Published online: March 31, 2019

DOI: https://doi.org/10.20408/jti.2018.029

Early Predictive Values for Severe Rhabdomyolysis in Blunt Trauma

Jung Yun Park, M.D., Myoung Jun Kim, M.D., Jae Gil Lee, M.D., Ph.D.

Department of Surgery, Yonsei University College of Medicine, Seoul, Korea

Correspondence to: Jae Gil Lee, M.D., Ph.D. Department of Surgery, Yonsei University College of Medicine, 50-1 Yonsei-ro, Seodaemun-gu, Seoul 03722, Korea,
Tel: +82-2-2228-2127, Fax: +82-2-313-8289, E-mail: jakii@yuhs.ac

Received: July 23, 2018 Revised: September 20, 2018 Accepted: October 01, 2018

This is an Open Access article distributed under the terms of the Creative Commons Attribution Non-Commercial License (http://creativecommons.org/licenses/by-nc/4.0/) which permits unrestricted noncommercial use, distribution, and reproduction in any medium, provided the original work is properly cited.

Abstract

Purpose

Rhabdomyolysis (RB) is a syndrome characterized by the decomposition of striated muscles and leakage of their contents into the bloodstream. Acute kidney injury (AKI) is the most significant and serious complication of RB and is a major cause of mortality in patients with RB. Severe RB (creatine kinase [CK] ≥5,000) has been associated with AKI. However, early prediction is difficult because CK can reach peak levels 1–3 days after the trauma. Hence, the aim of our study was to identify predictors of severe RB using initial patient information and parameters.

Methods

We retrospectively analyzed 1,023 blunt trauma patients admitted to a single tertiary hospital between August 2011 and March 2018. Patients with previously diagnosed chronic kidney disease were excluded from the study. RB and severe RB were defined as a CK level ≥1,000 U/L and ≥5,000 U/L, respectively. The diagnosis of AKI was based on RIFLE criteria.

Results

The overall incidence of RB and severe RB was 31.3% (n=320) and 6.2% (n=63), respectively. On multivariable analysis, male sex (odds ratio [OR] 3.78, 95% confidence interval [CI] 1.43 to 10.00), initial base excess (OR 0.85, 95% CI 0.80 to 0.90), initial CK (OR 2.07, 95% CI 1.67 to 2.57), and extremity abbreviated injury scale score (OR 1.78, 95% CI 1.39 to 2.29) were found to predict severe RB. The results of receiver operating characteristic analysis showed that the best cutoff value for the initial serum CK level predictive of severe RB was 1,494 U/L.

Conclusions

Male patients with severe extremity injuries, low base excess, and initial CK level >1,500 U/L should receive vigorous fluid resuscitation.
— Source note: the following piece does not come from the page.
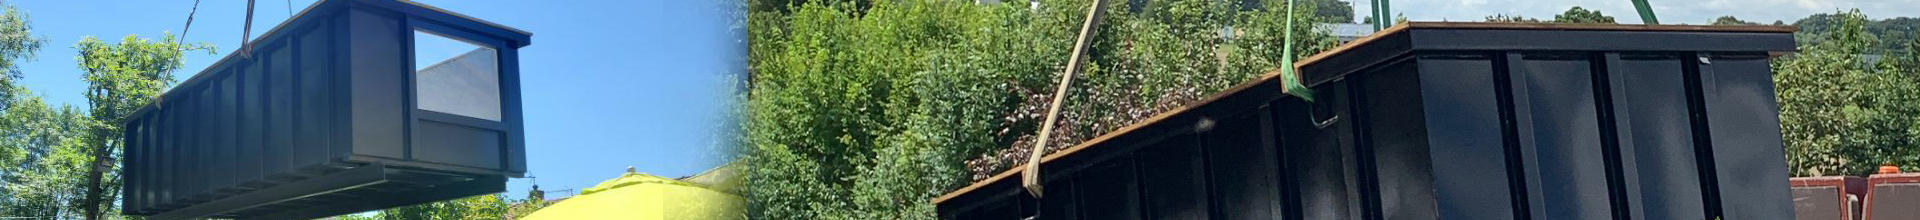 Luxembourg conception container piscine sur mesure Rumelange

Keywords: Rhabdomyolysis; Creatine kinase; Acute kidney injury

INTRODUCTION

Rhabdomyolysis (RB) is a syndrome characterized by the decomposition of striated muscles and leakage of their contents into the bloodstream, including electrolytes, myoglobin, and other sarcoplasmic proteins (e.g., creatine kinase [CK], lactate dehydrogenase, alanine aminotransferase, and aspartate aminotransferase) [1]. The presentation of RB ranges from asymptomatic elevation of serum CK to life-threatening conditions such as acute kidney injury (AKI), cardiac arrhythmias, compartment syndrome, hypovolemic shock, and disseminated intravascular coagulation [1,2].

AKI is the most significant and serious complication of RB and major cause of mortality among RB patients [1]. Myoglobin plays a major role in the pathogenesis of RB-induced AKI. However, myoglobin is not an appropriate diagnostic marker. Because of its short half-life (2–3 hours), myoglobin is rapidly metabolized and excreted [3]. The most sensitive biomarker of muscle injury is the serum CK level. The diagnosis of RB is generally made when CK levels are five times the upper normal limit (>1,000 U/L) in the presence of skeletal muscle injury [4,5]. CK is not directly involved in the pathogenesis of myoglobinuric AKI, but CK levels >5.000 U/L indicate serious muscle injury and are associated with the onset of AKI and mortality [3,6].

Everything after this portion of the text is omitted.